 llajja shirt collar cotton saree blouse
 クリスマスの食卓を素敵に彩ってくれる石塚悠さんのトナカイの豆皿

==

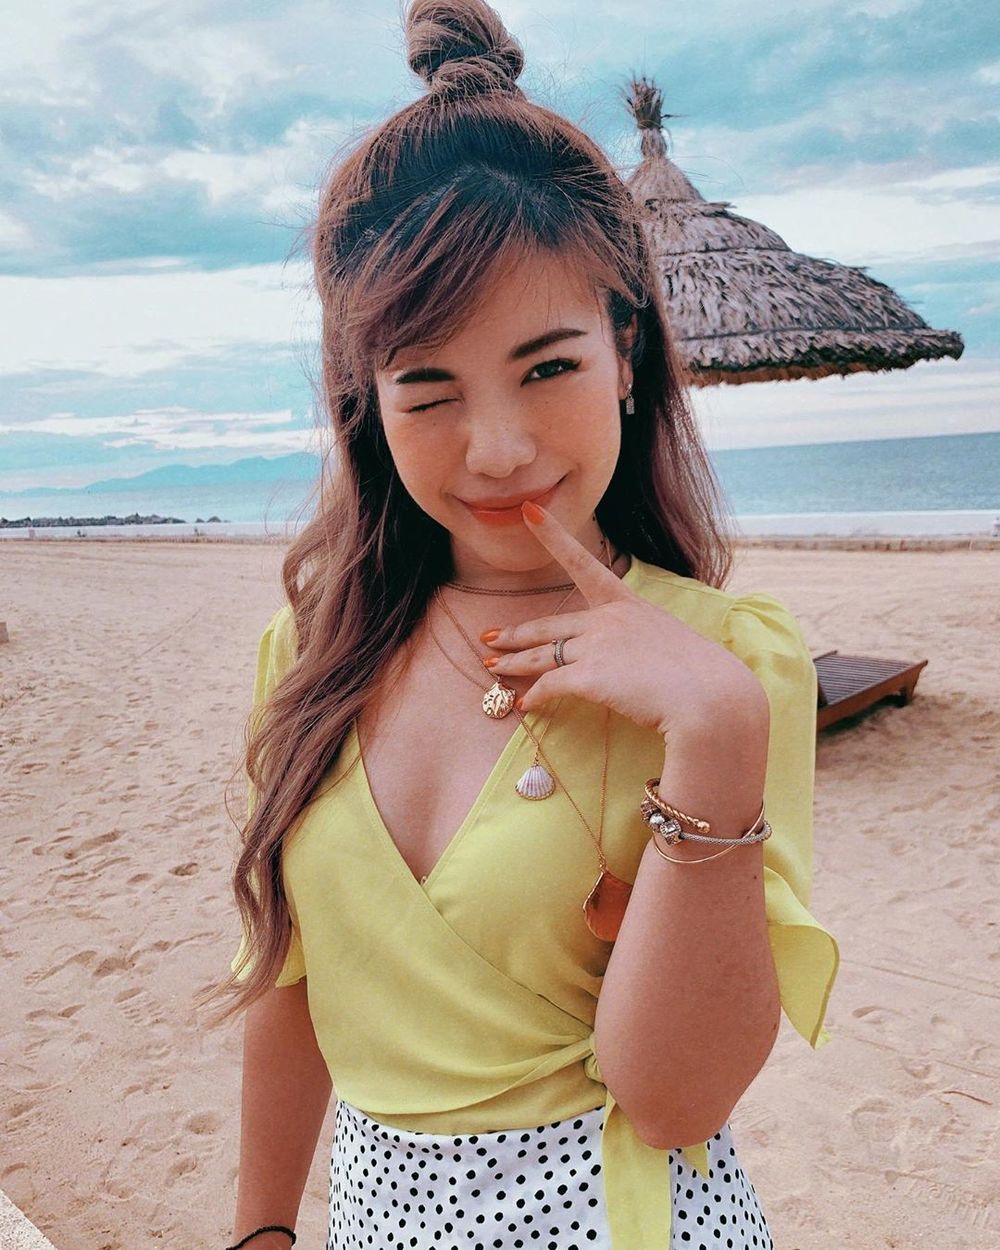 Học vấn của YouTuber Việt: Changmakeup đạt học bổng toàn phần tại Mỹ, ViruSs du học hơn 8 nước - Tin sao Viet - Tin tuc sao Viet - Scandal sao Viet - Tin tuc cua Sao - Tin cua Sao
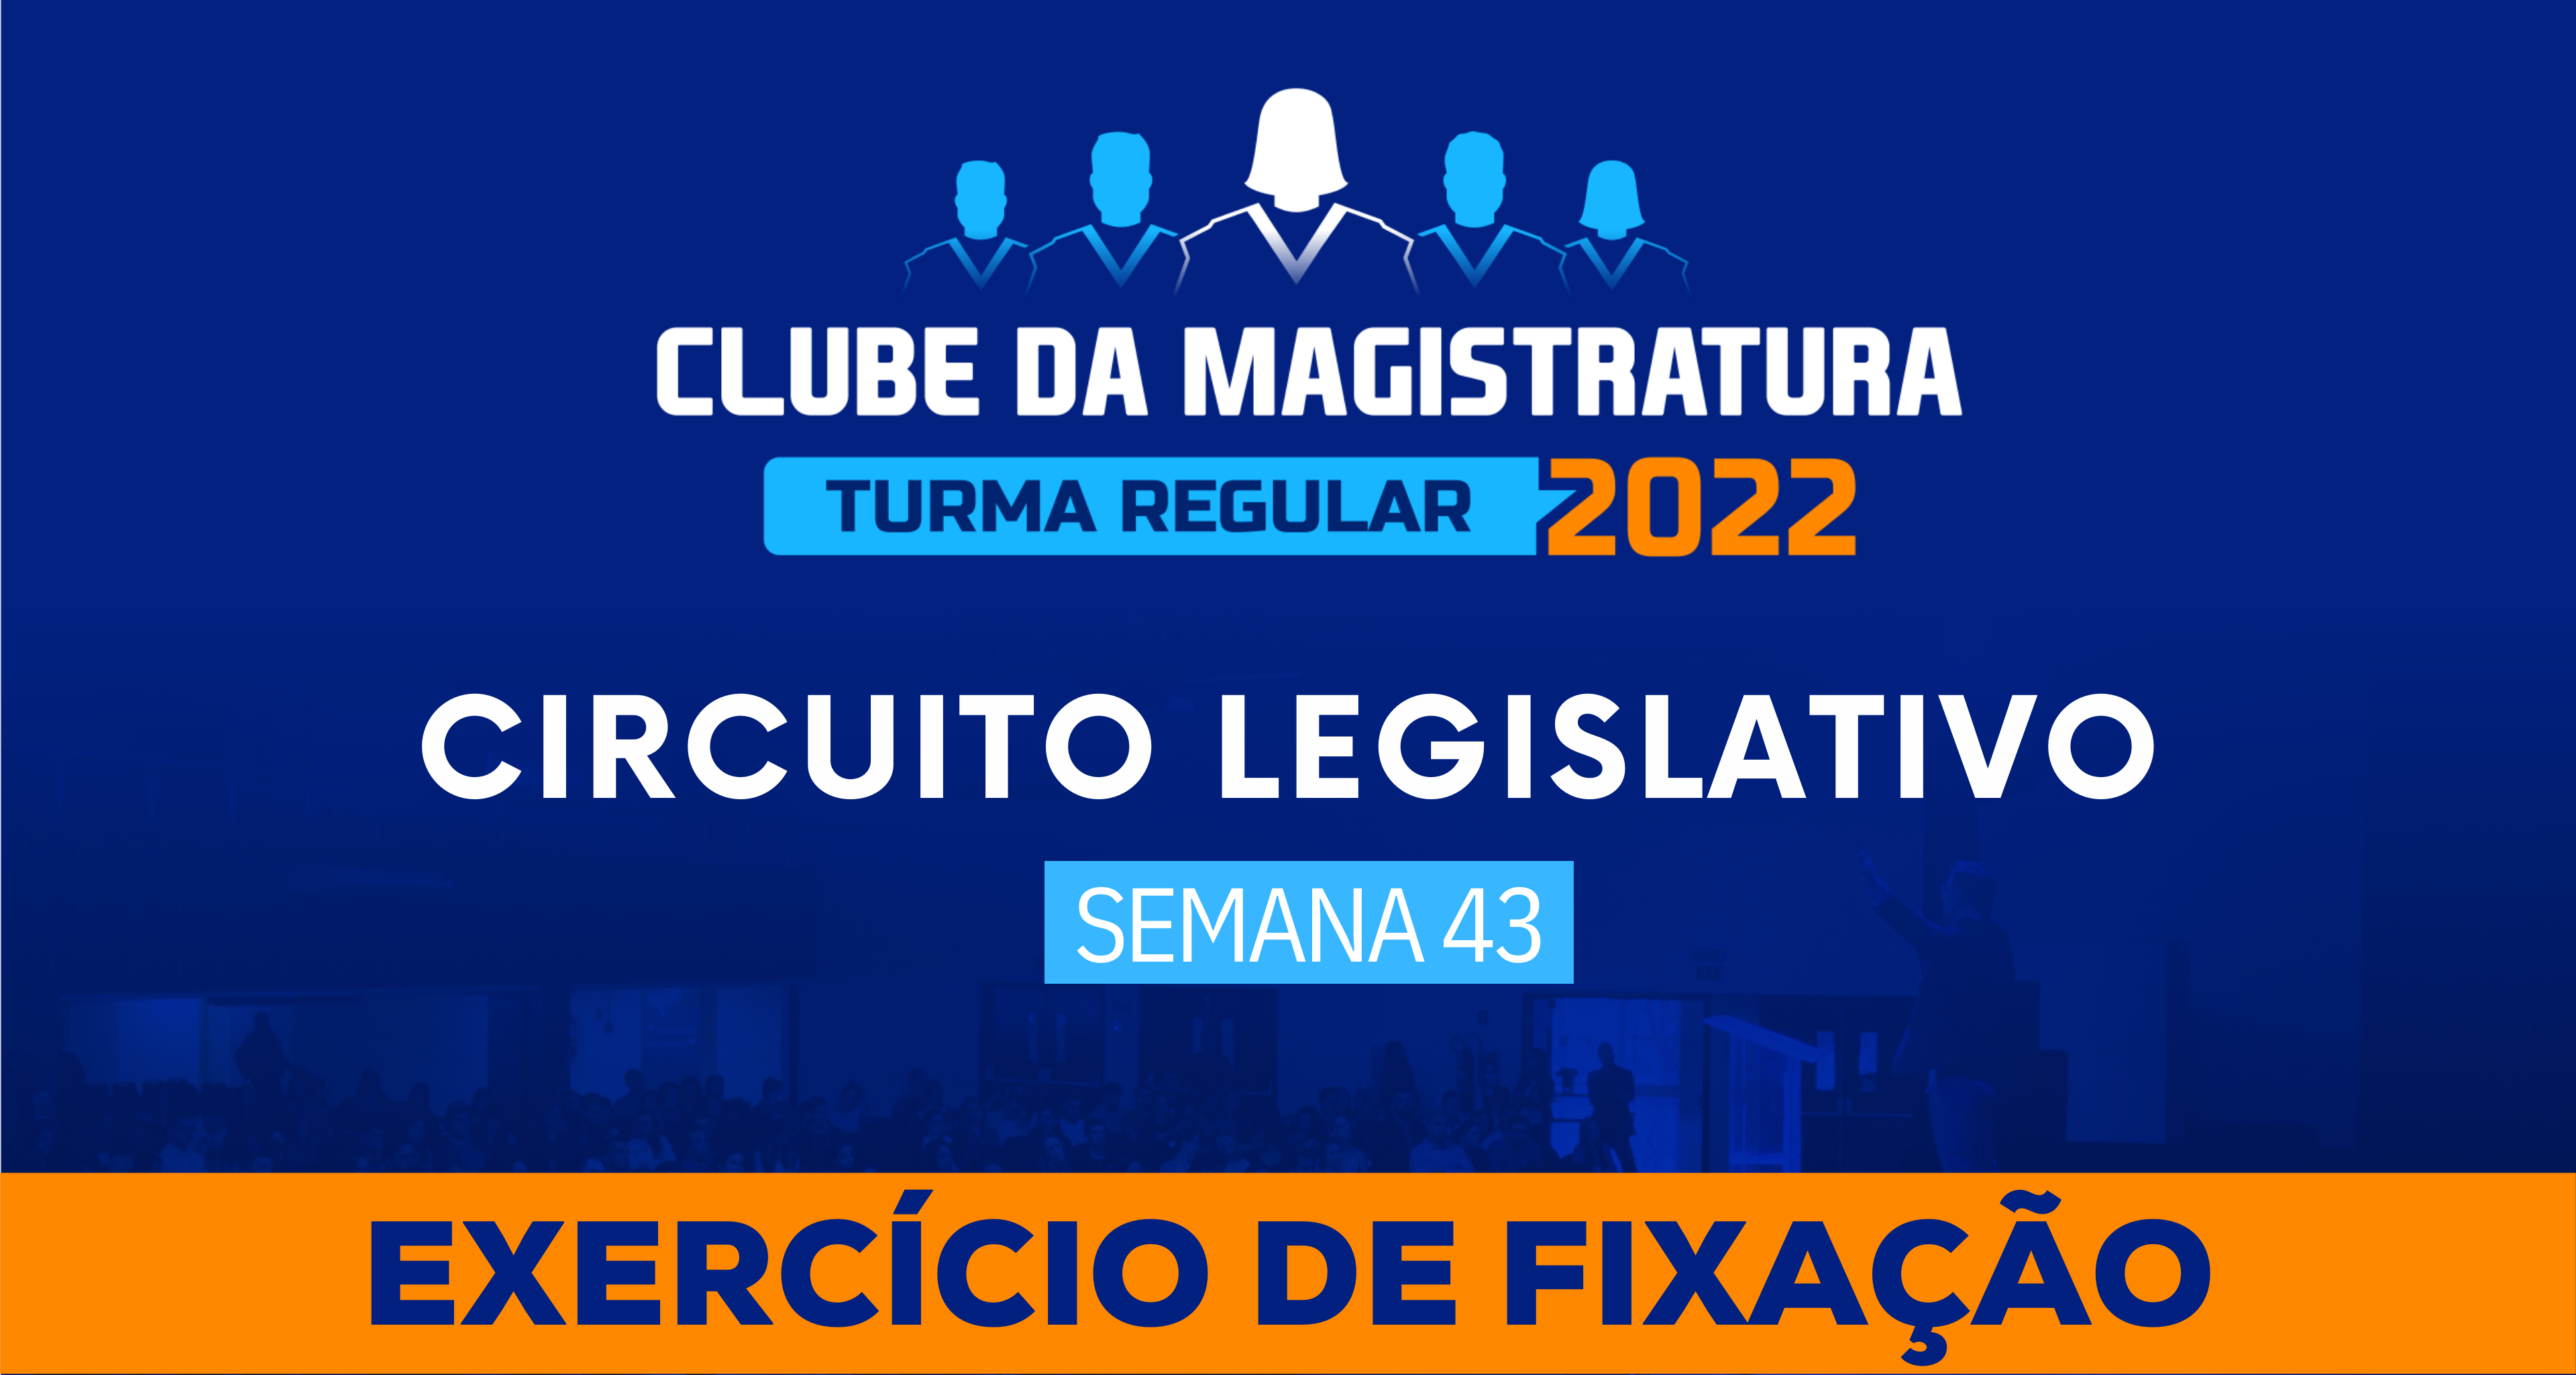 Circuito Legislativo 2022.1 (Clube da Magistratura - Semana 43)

Task directions:
The lines above from the one with "llajja shirt collar cotton saree blouse" through the one with "クリスマスの食卓を素敵に彩ってくれる石塚悠さんのトナカイの豆皿" are to be duplicated exactly, ends included, with nothing added.

Response:
 llajja shirt collar cotton saree blouse
 クリスマスの食卓を素敵に彩ってくれる石塚悠さんのトナカイの豆皿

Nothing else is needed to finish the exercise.